The groundbreaking research, published in the August issue of Transportation Research Part C: Emerging Technologies, was led by led by Ali Hajbabaie Ph.D., assistant professor in the department of Civil and Environmental Engineering at Washington State University, and graduate student Rasool Mohebifard.
The computer model enables estimating the traffic needs for individual metering gates on city streets. The system is dynamic, meaning it is able to update the metering estimate based on increases or decreases in traffic.

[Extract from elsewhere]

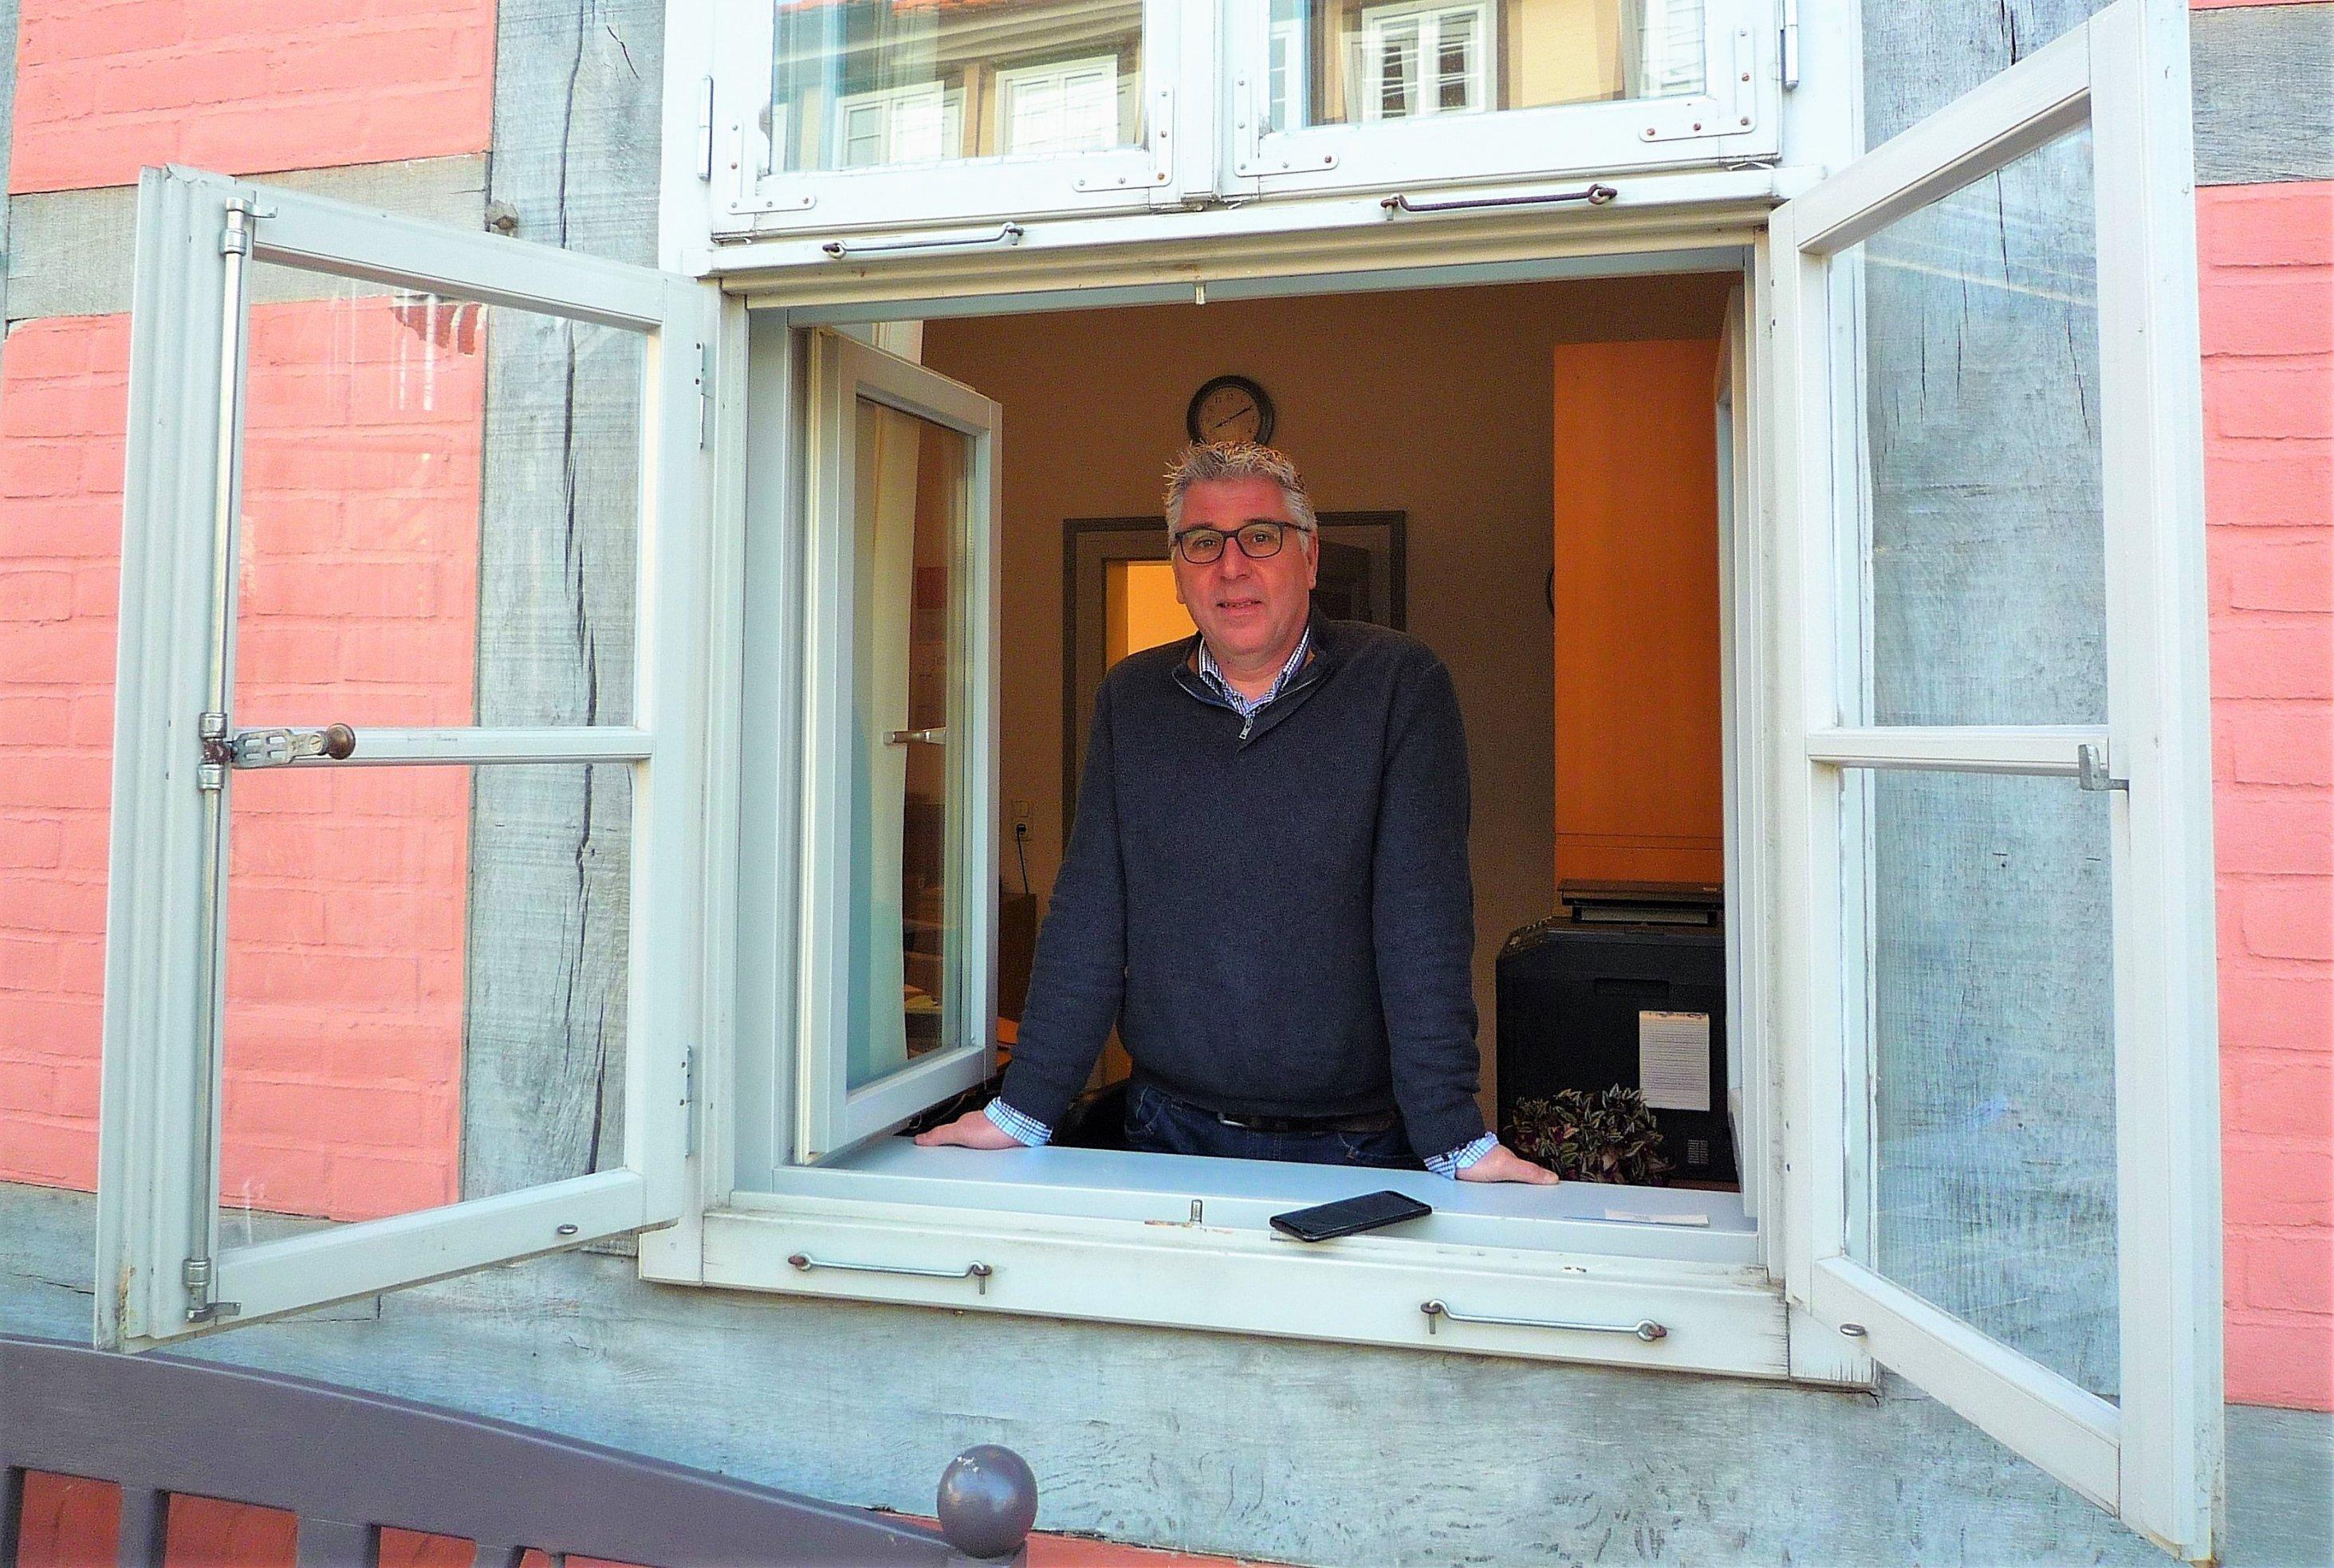 Mann mit Brille und Pullover stützt sich von innen auf das Brett des Fensters, dessen Flügel weit nach außen offenstehen.

Hajbabaie said researchers have developed solutions for city streets gridlock by determining how much traffic needed to be reduced overall in an urban grid, but there has been no way to determine how much of incoming traffic needed to be stopped at a given entry point.
The WSU researchers used mathematical techniques to optimize traffic flow, finding the optimal percentage of incoming traffic that should be stopped at each gate. With optimization, researchers have to maximize or minimize quantities while satisfying some necessary conditions, explained Hajbabaie.
Traffic metering technology to regulate traffic flows has been around for years, perhaps most notably for regulating freeway entrances in congested areas.
In developing their system to better manage traffic on city streets, the professor and student aimed to maximize the number of vehicles passing through a street grid while making sure it is not oversaturated, causing gridlock.
“The idea is that at a certain traffic volume, we’re going to have gridlocks unless we can intelligently regulate flow of traffic into an urban street network,” said Hajbabaie.
The researchers, whose work was funded by a grant from the U.S. Department of Transportation, have tested their model using traffic simulations on a computer and calibrated it with real world traffic data.
Dr. Hajbabaie joined WSU in 2014. His research focuses on developing data driven methodologies to improve operations, safety, and sustainability of current and next-generation transportation systems.